Turkish President Recep Tayyip Erdogan on Wednesday promised to expand his country’s incursion into Kurdish-controlled regions of northern Syria, dismissing the Trump administration’s pleas for restraint on the part of its NATO ally.
As Turkey’s air and ground offensive in the Kurdish enclave of Afrin stretched into its fifth day, Erdogan threatened to push on to nearby Manbij, about 60 miles to the east. That move would put Turkish forces in direct confrontation with U.S.-backed YPG militia and, potentially, American troops deployed there.
“With the Olive Branch operation, we have once again thwarted the game of those sneaky forces whose interests in the region are different,” Erdogan said in a speech in Ankara, referring to the ironically named anti-Kurd offensive.
“Starting in Manbij, we will continue to thwart their game,” he added.
Erdogan commenced artillery and air strikes against Kurdish militia in Afrin on Saturday, targeting YPG units located along the mountainous border between Turkey and Syria. Turkey considers the YPG — known as the People’s Defense Units — to be an arm of the Kurdistan Workers Party (PKK), a Kurdish separatist group that both Washington and Ankara have designated as a terrorist organization.
YPG units are a key component of the U.S.-backed Syrian Democratic Forces, and figure prominently into the Trump administration’s plan to maintain a long-term presence in Syria to prevent the resurgence of the Islamic State there. The plan has angered Turkey, which views an empowered Kurdish force on its southern flank as a grave national security threat.
Predominantly Kurdish SDF units ousted ISIS fighters from Manbij in 2016. Since then, Turkey has accused the U.S. of waffling on a promise to make sure the area reverted to Arab control.
To ward off a potential confrontation between NATO allies, President Donald Trump phoned Erdogan on Wednesday and urged the Turkish leader to wind down his offensive.
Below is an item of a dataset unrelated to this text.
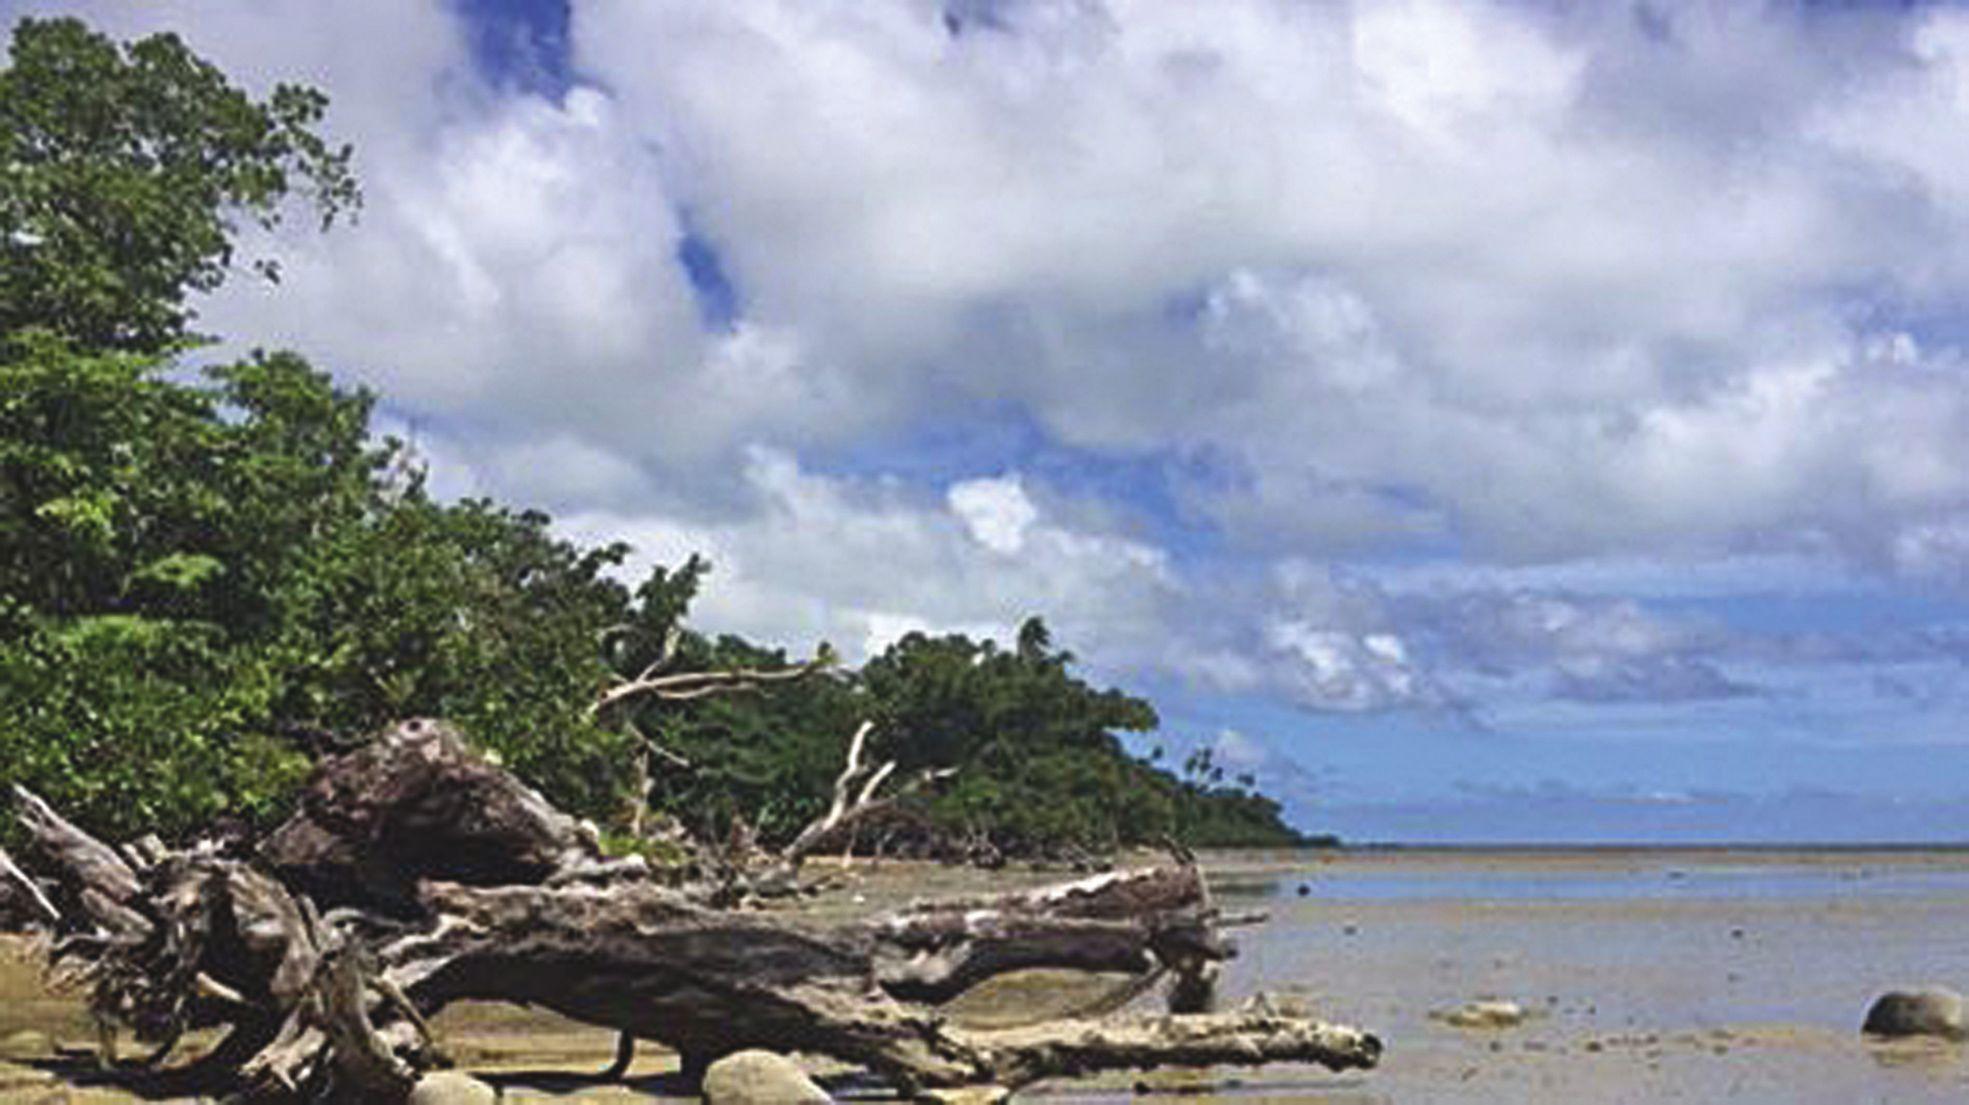 En 1990, une vaste plage de sable s'étendait à Utupoa. Il ne reste plus que la marne et des troncs morts.

Trump emphasized the need for Washington and Ankara to focus on finishing off the last of ISIS in Syria, according to White House officials.
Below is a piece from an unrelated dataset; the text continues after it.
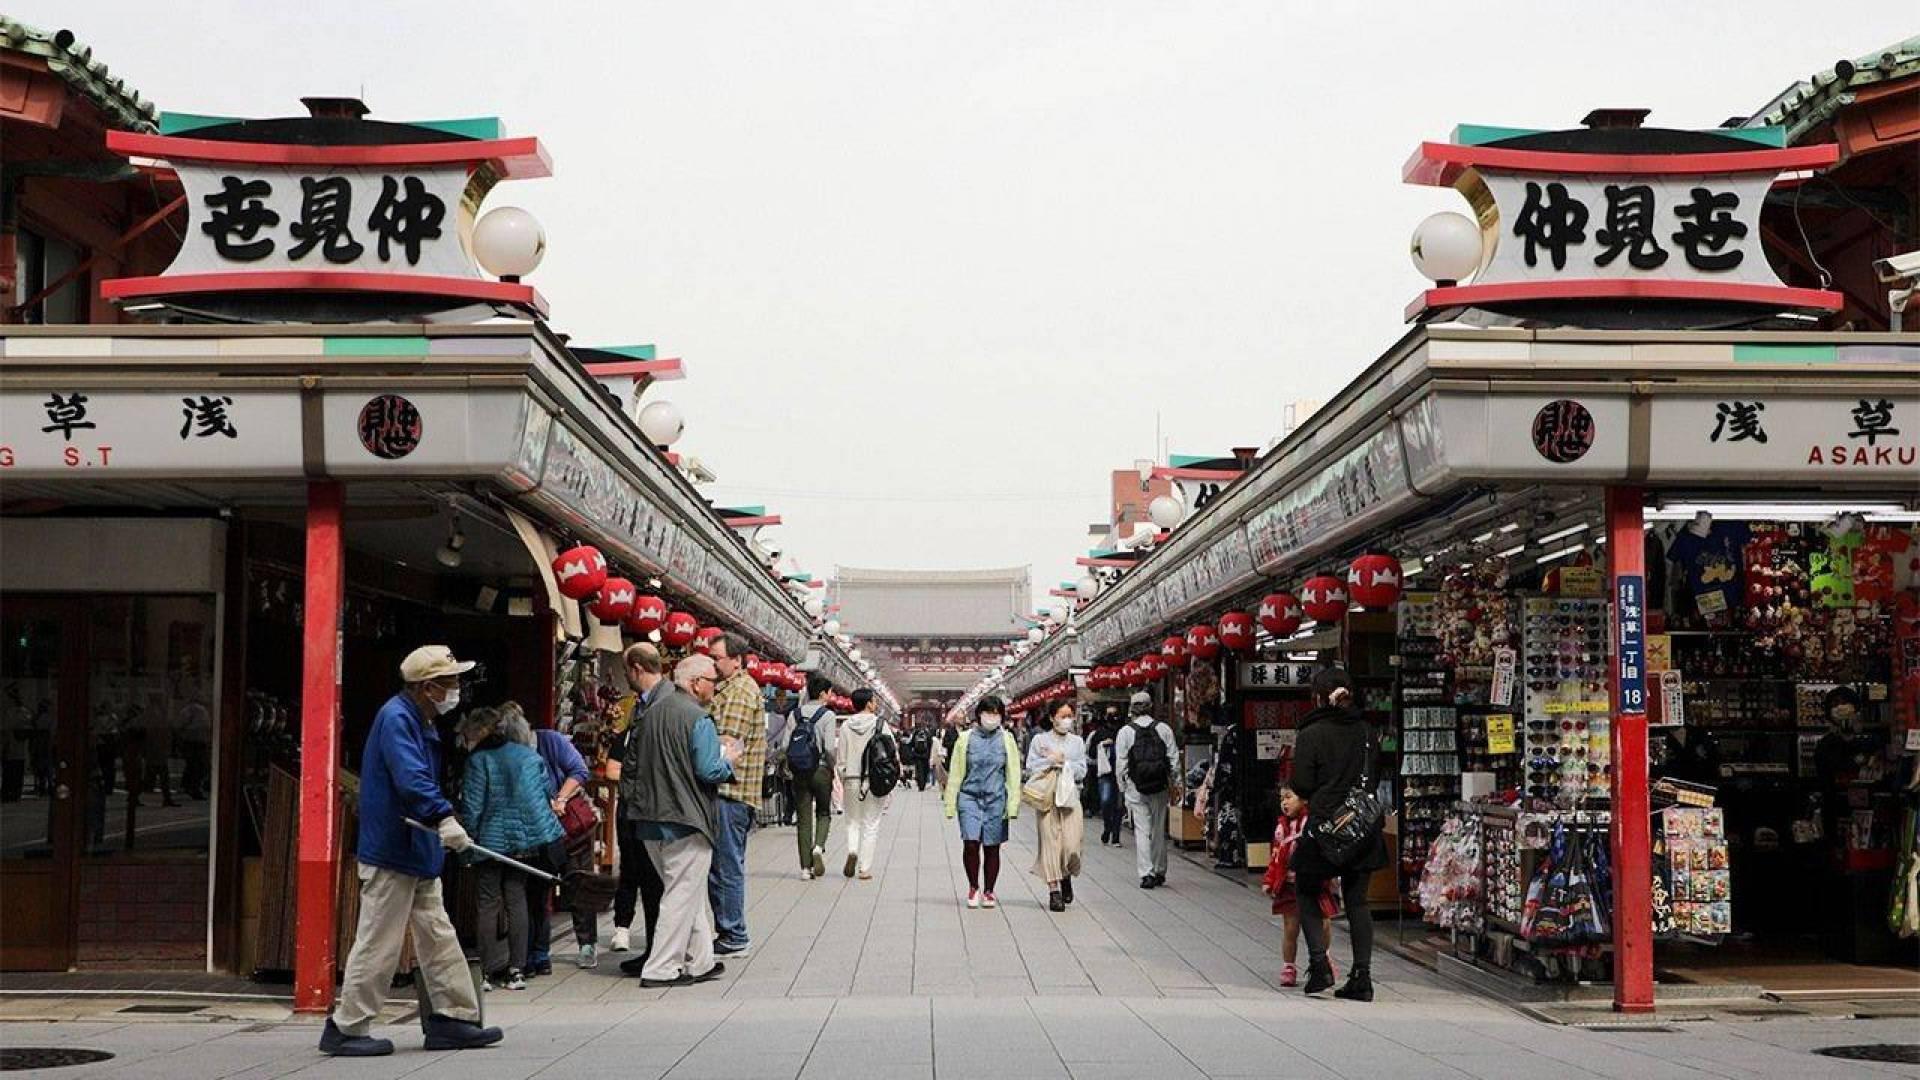 حاكمة طوكيو تعلن مزيداً من إجراءات تخفيف قيود العزل العام

Still, the Turkish campaign against Kurdish forces in Afrin showed no signs of waning as of Wednesday. International observers and Kurdish officials say airstrikes are still pummeling targets across the region, reports CBS News. An estimated 5,000 people have been displaced inside Afrin, and Kurdish forces are not allowing civilians to leave the area, according to the United Nations.
So far, Turkish ground forces have been slowed by stiff Kurdish resistance and Afrin’s difficult terrain. The delay has given U.S.-backed Syrian fighters in the Manbij time to prepare to meet a potential Turkish incursion, according to their spokesman Sharfan Darwish.
“We are in full readiness to respond to any attack,” he said Wednesday, according to Reuters.